Таксист засмеялся, из-за чего раскосые глаза смежились в щелочки, и весело окликнул пассажиров:
— Все на месте?
— Все! — вразнобой закричали девушки.
— Поехали!
И «рафик», уютно зафырчав, тронулся. Пассажирки болтали и щебетали, приникая к окнам, а я малость загрустил. Меня сладко мучала та пронзительная печаль, что вкрадывается осенью.
Мимо нас, поглощая маршрутку, проплывали улицы красивого советского города. Однажды я побывал здесь, когда Алма-Ату обозвали Алматы на грубом наречии. Я поморщился.
«К черту воспоминания о будущем! Думай о настоящем!»
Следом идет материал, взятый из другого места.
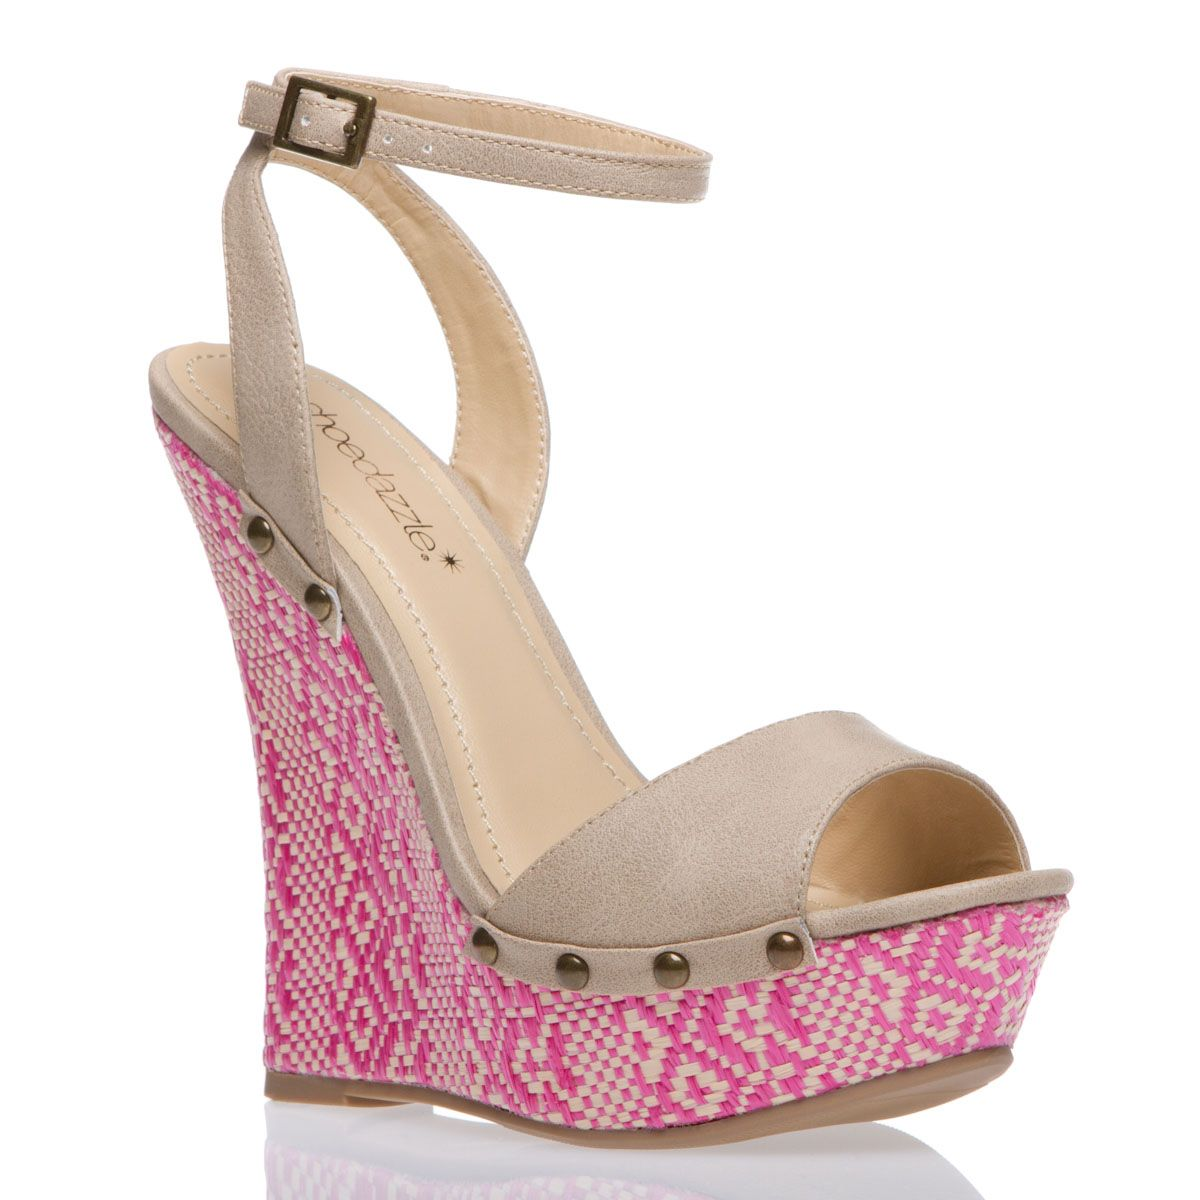 Malisa Wedge. Buy One, Get One at Shoedazzle. $39.95
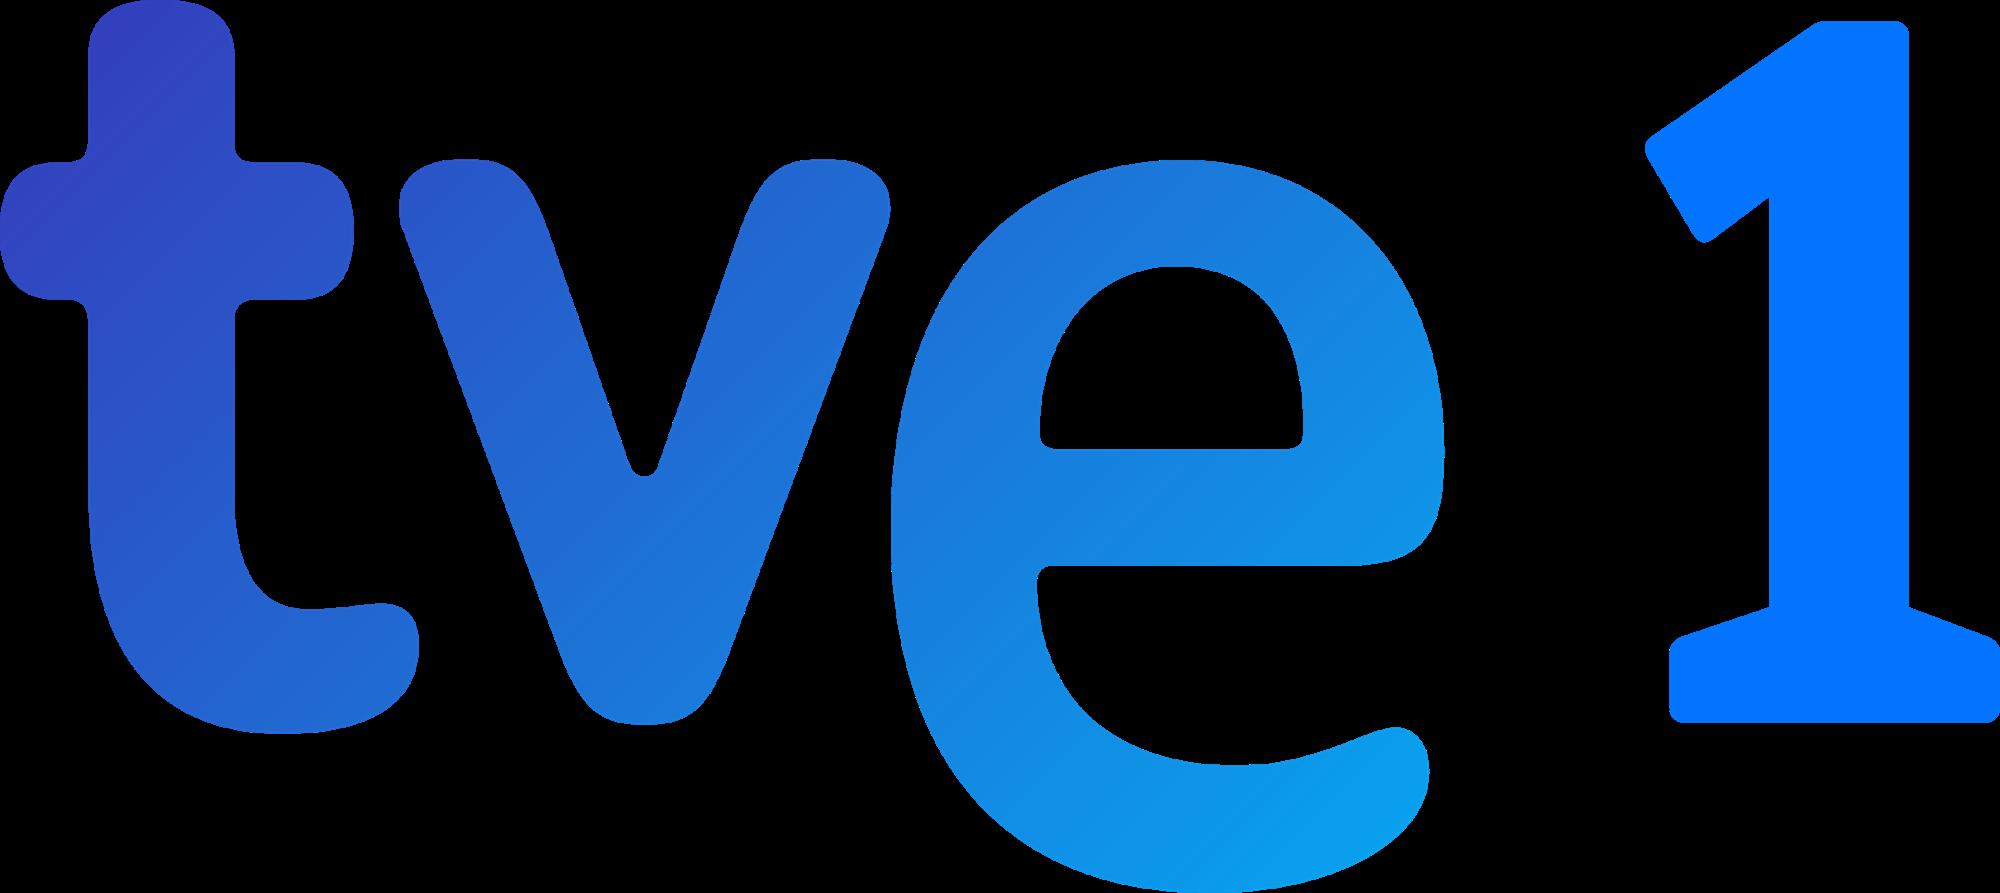 Archivo:TVE1 logo 2008.png

Мы проехали пафосную площадь Республики, по сути, городскую окраину, и уже ничего не мешало любоваться горами, блистающими снегом на вершинах. Самая высокая — пик Комсомола — матово отсвечивала синеватым льдом.
А дальше по дороге раскинулись яблоневые сады, обиталище знаменитого «апорта». Улица Горная тянулась по ущелью, где стекала речка Малая Алматинка, и обступали ее зеленеющие сопки — полное впечатление, что асфальтовая лента вьется где-нибудь в отрогах Сихотэ-Алиня, а не Заилийского Алатау.
Лишь свечки пирамидальных тополей давали подсказку — тут не Дальний Восток, вокруг — Средняя Азия.
— Могу спорить на что угодно, — заговорил водитель, взглядывая в зеркальце, — вам на чемпионат!
— Выиграли! — хихикнула Лиза.
Я и сам с удовольствием глянул на отражение — синяя олимпийка приятно облегала девушку.
— А вы здешний? — поинтересовалась Наташа, рефлекторно поправляя челку.
— Коренной! — ухмыльнулся водитель. — И отец мой отсюда, и дед.
— А зовут вас как? — Настя чуть вскинула бровки, чтобы синева глаз расплескалась пошире, и таксист тут же послал ей лукавый прищур.
— Айдар! А вас?
— Анастасия! — важно представилась сестричка.
— Да⁈ — Айдар вылупился, как смог. — Здорово! У меня жена тоже Настя!
— Казашка?
— Не-е! — рассмеялся водитель, плющась. — Скорей уж, казачка! Мы с ней в Ленинграде познакомились, а сама она из Нальчика. Вот такой у нас интернационал!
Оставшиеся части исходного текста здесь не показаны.